Note: The following script is for demonstration purpose only explaining the structure of a function and calling a function within a function.

We are expanding all base functions without any obvious advantages here.
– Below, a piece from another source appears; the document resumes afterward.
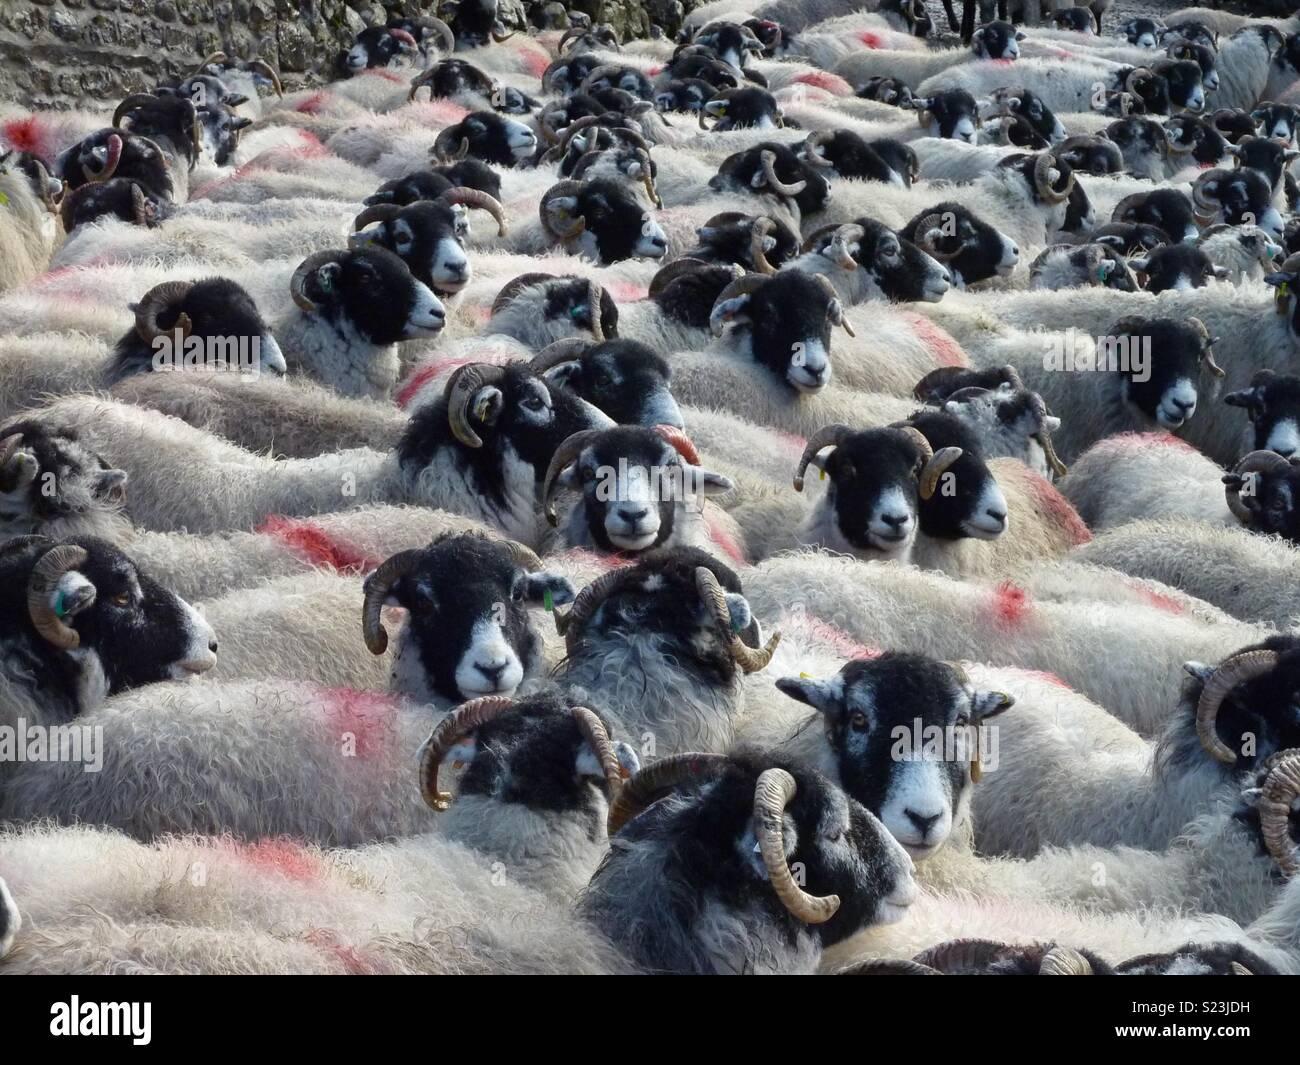 Swaledale sheep - Stock Image

A possible optimal version is shown in the next section.

Code
fn_Mean = function(x, ...) {

    fn_n = function(x, na.rm = FALSE) ifelse(na.rm, length(na.omit(x)), length(x))
    n = fn_n(x, ...)

    fn_sum = function(x, ...) sum(x, ...)

    fn_prod = function(x, ...) prod(x, ...)

    fn_suminv = function(x, ...) sum(1/x, ...)

    fn_AM = function(x, ...) {
        out = fn_sum(x, ...)/fn_n(x, ...)
        return(out)
    }

    fn_GM = function(x, ...) {
        out = fn_prod(x, ...)^(1/fn_n(x, ...))
        return(out)
    }

    fn_HM = function(x, ...) {
        out = fn_n(x, ...)/fn_suminv(x, ...)
        return(out)
    }

    AM = fn_AM(x, ...)
    GM = fn_GM(x, ...)
    HM = fn_HM(x, ...)

    Mean = list(n = n, AM = AM, GM = GM, HM = HM)

    return(Mean)

}

19.3 Data

Code
A = c(11, 12, 15, 14, 18)

B = c(NA, 12, 15, 14, 18)

19.4 Function call 1

Code
A_mean = fn_Mean(A)

A_mean
$n
[1] 5

$AM
[1] 14

$GM
[1] 13.79155

$HM
[1] 13.5909

19.5 Function call 2

Code
B_mean = fn_Mean(B, na.rm = TRUE)

B_mean
$n
[1] 4

$AM
[1] 14.75

$GM
[1] 14.5938

$HM
[1] 14.44126

19.6 Optimal version

We have all base functions available; a possible optimal version of the above function can be written as shown below.

Code
Mean = function(x, ...) {
    fn_n = function(x, na.rm = FALSE) ifelse(na.rm, length(na.omit(x)), length(x))
    n = fn_n(x, ...)
    AM = mean(x, ...)
    GM = exp(mean(log(x), ...))
    HM = 1/mean(1/x, ...)
    Mean = list(n = n, AM = AM, GM = GM, HM = HM)
    return(Mean)
}

19.7 Function call 1

Code
A_mean = Mean(A)

A_mean
$n
[1] 5

$AM
[1] 14

$GM
[1] 13.79155

$HM
[1] 13.5909

19.8 Function call 2

Code
B_mean = Mean(B, na.rm = TRUE)

B_mean
$n
[1] 4

$AM
[1] 14.75

$GM
[1] 14.5938

$HM
[1] 14.44126